Вот здесь великолепное сопоставление. У Пастернака главный герой – это человек, которому не спится в прекрасном далеке, творец, художник: «Не спи, не спи, художник». В стихотворении Галича не просто насмешка над самым гегемоном, Его величеством, над человеком, которому все трубят славу. Нет. Это очень твёрдые слова о том, что этот человек – великий и по-своему прекрасный – спит пока. Но страшно будет, когда он проснётся, и страшно, может быть, его будить, потому что он пока не реагирует, он водкой себя усыпил.
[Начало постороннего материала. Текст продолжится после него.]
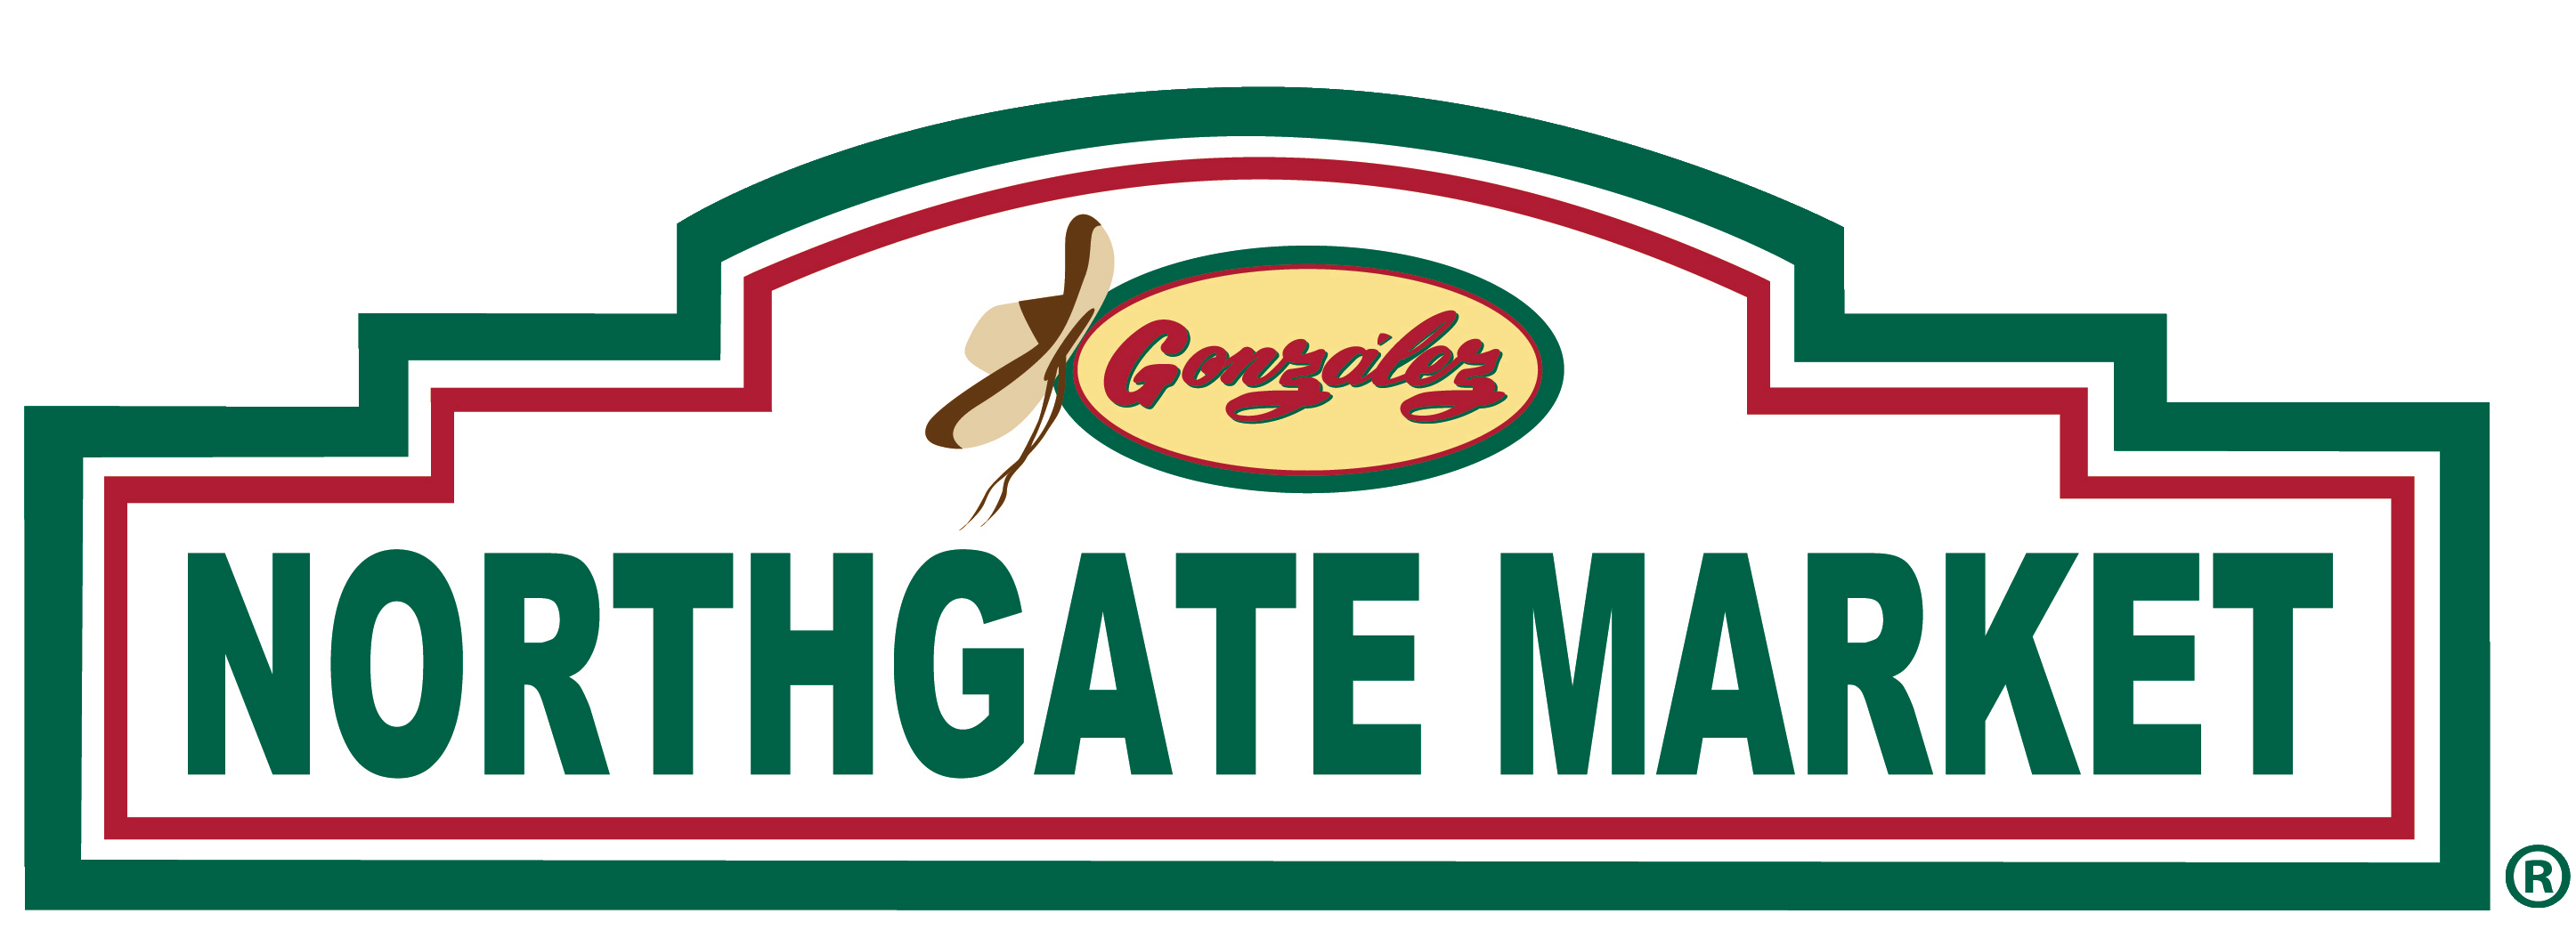 northgate logo
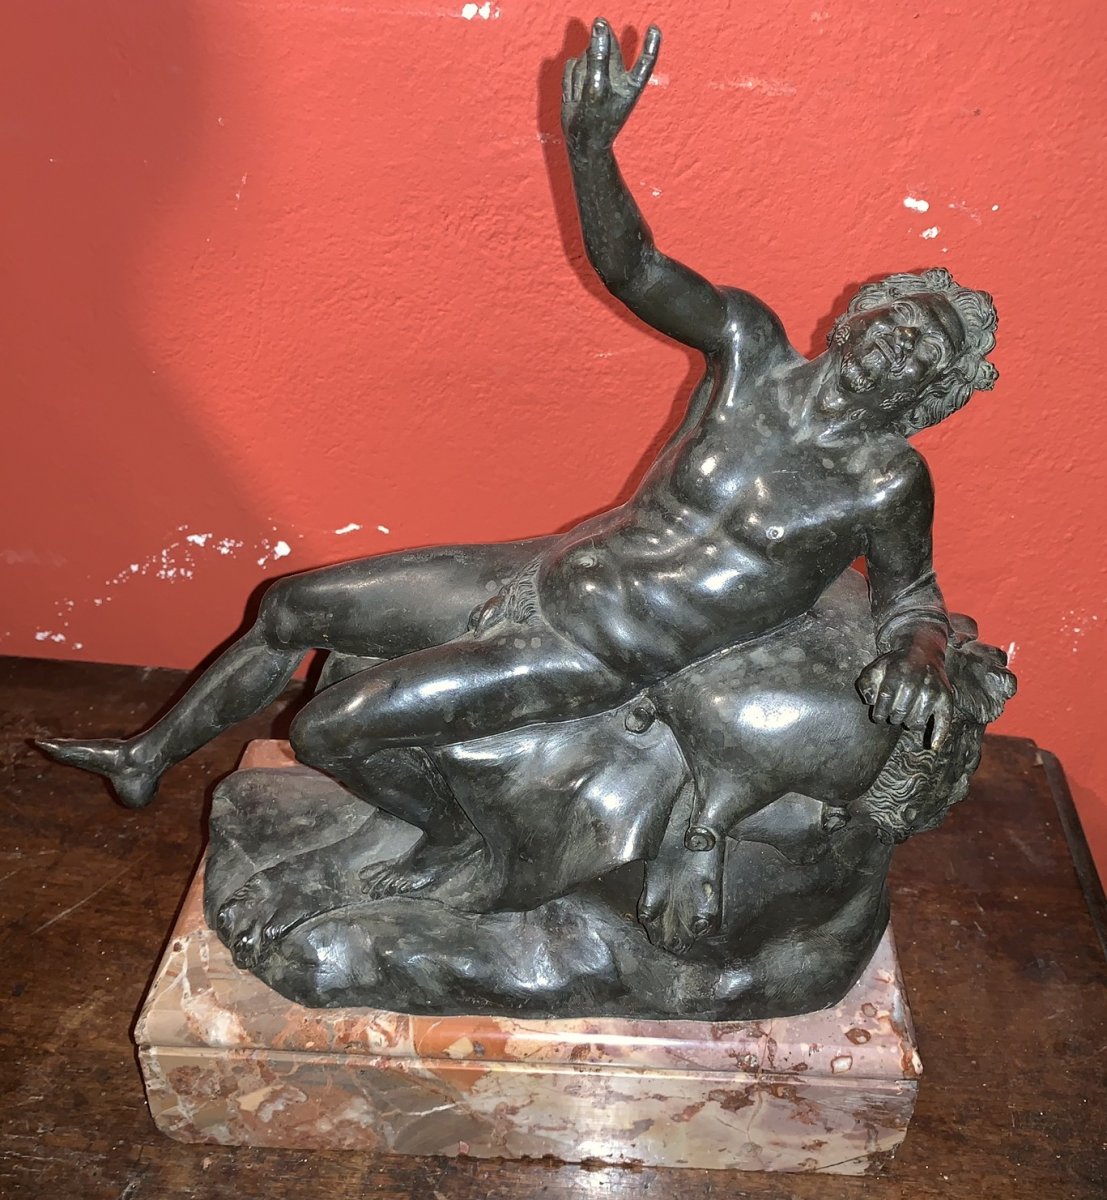 Statue De Satyre En Bronze.  Fin XVIII Siècle
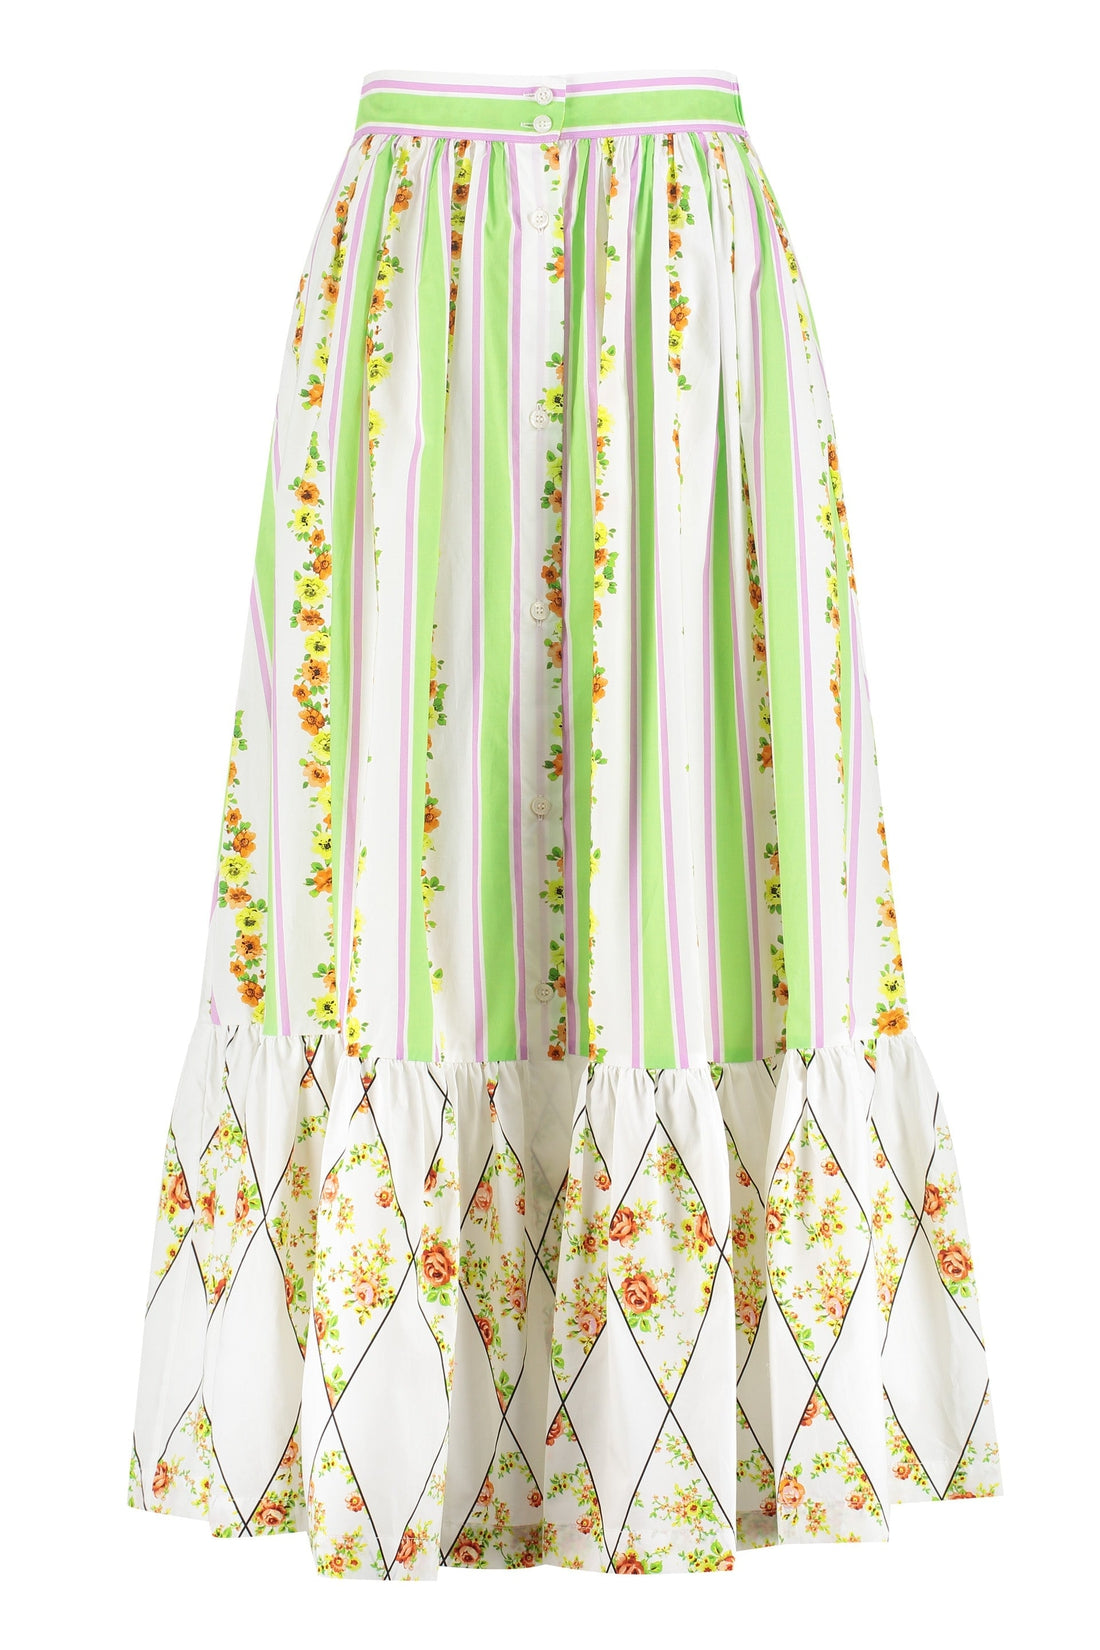 MSGM-OUTLET-SALE-Printed cotton skirt-ARCHIVIST
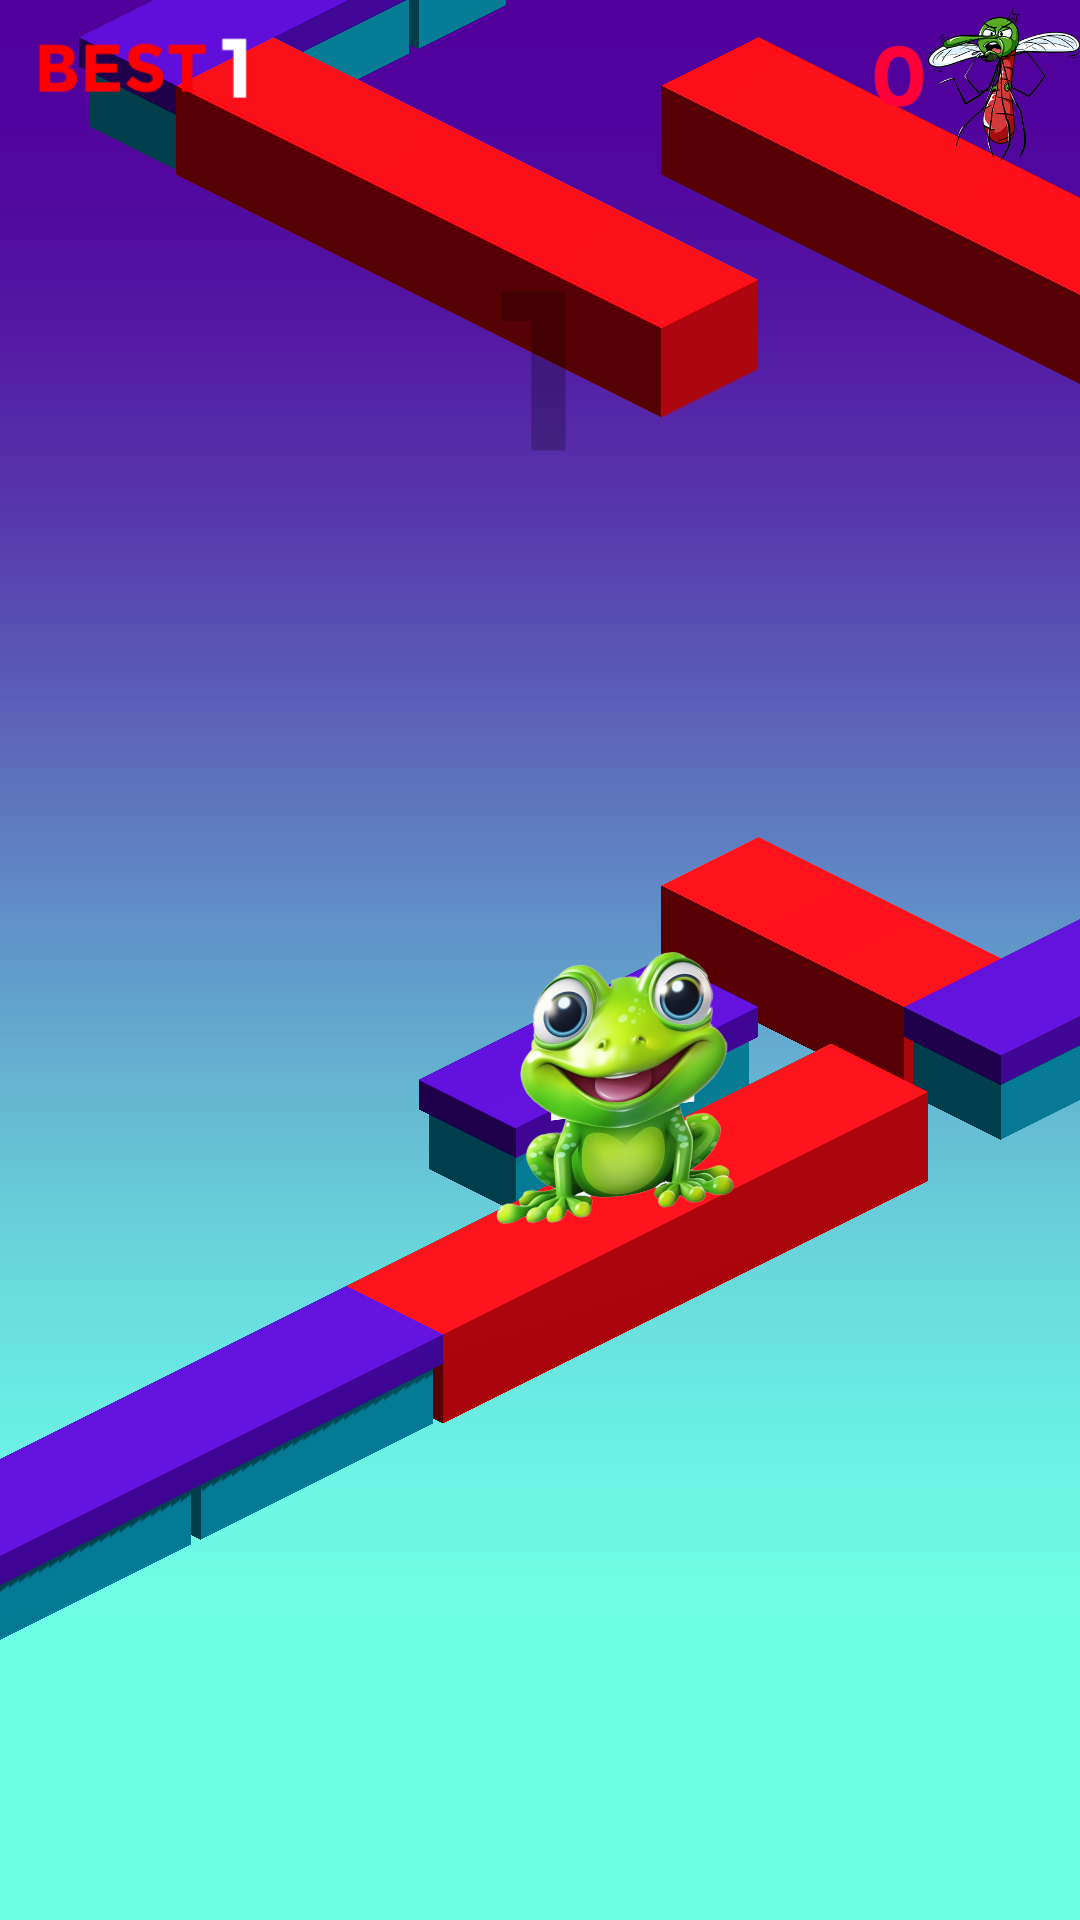 Frog Hustles遊戲截圖
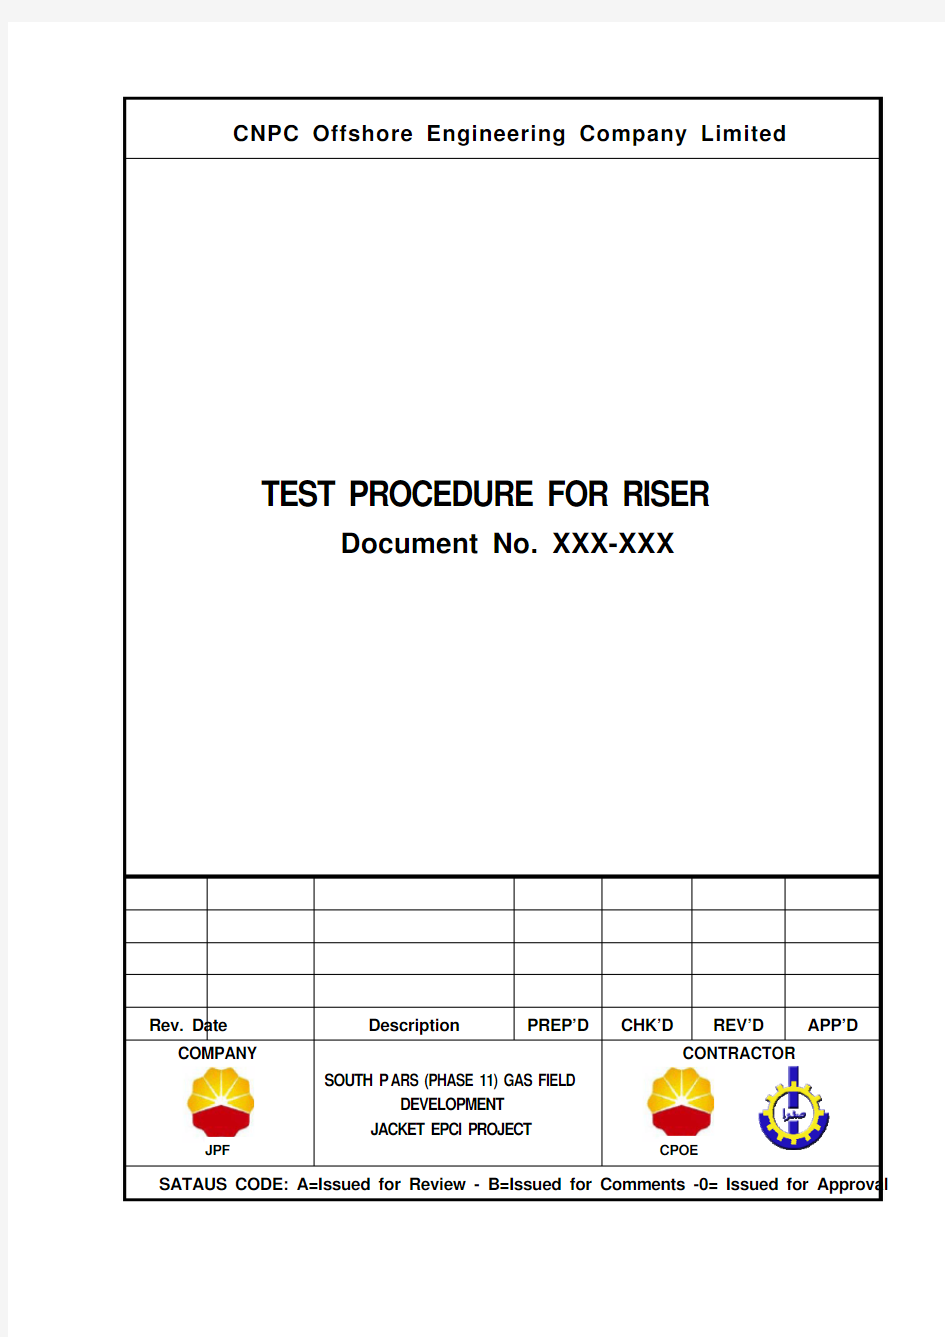 4.2 TEST PROCEDURE FOR RISER

И когда проснётся? Помните, о нём же сказано в песне про смирительную рубаху: «Он брал Берлин! Он правда брал Берлин!» И как быть с этим сном? «Не трожьте его! Не надо! // Пускай человек поспит!..» Это амбивалентная, очень глубокая и страшная концовка. Вот здесь-то как раз никакого снобизма нет.

Нельзя, конечно, не вспомнить «Гусарскую песню» Галича, достаточно жестокую по отношению к самому себе. Помните:

По рисунку палешанина
Кто-то выткал на ковре
Александра Полежаева
В чёрной бурке на коне.
Тёзка мой и зависть тайная,
Сердце горем горячи!
Зависть тайная – летальная,
Как сказали бы врачи.

К чему зависть? Почему именно к Александру Полежаеву – не самому славному, не самому знаменитому поэту? К поэту, который чуть было не был подвергнут унизительной процедуре публичной порки, но чудесно спасло его обращение к Николаю I. Полежаев – это человек, который пострадал за свои стихи, который нашёл в себе силы не отречься. Полежаев – из тех скромных героев, на которых русская литература стоит. И Галич тоскует по тем временам, когда действительно за стихи платили жизнью.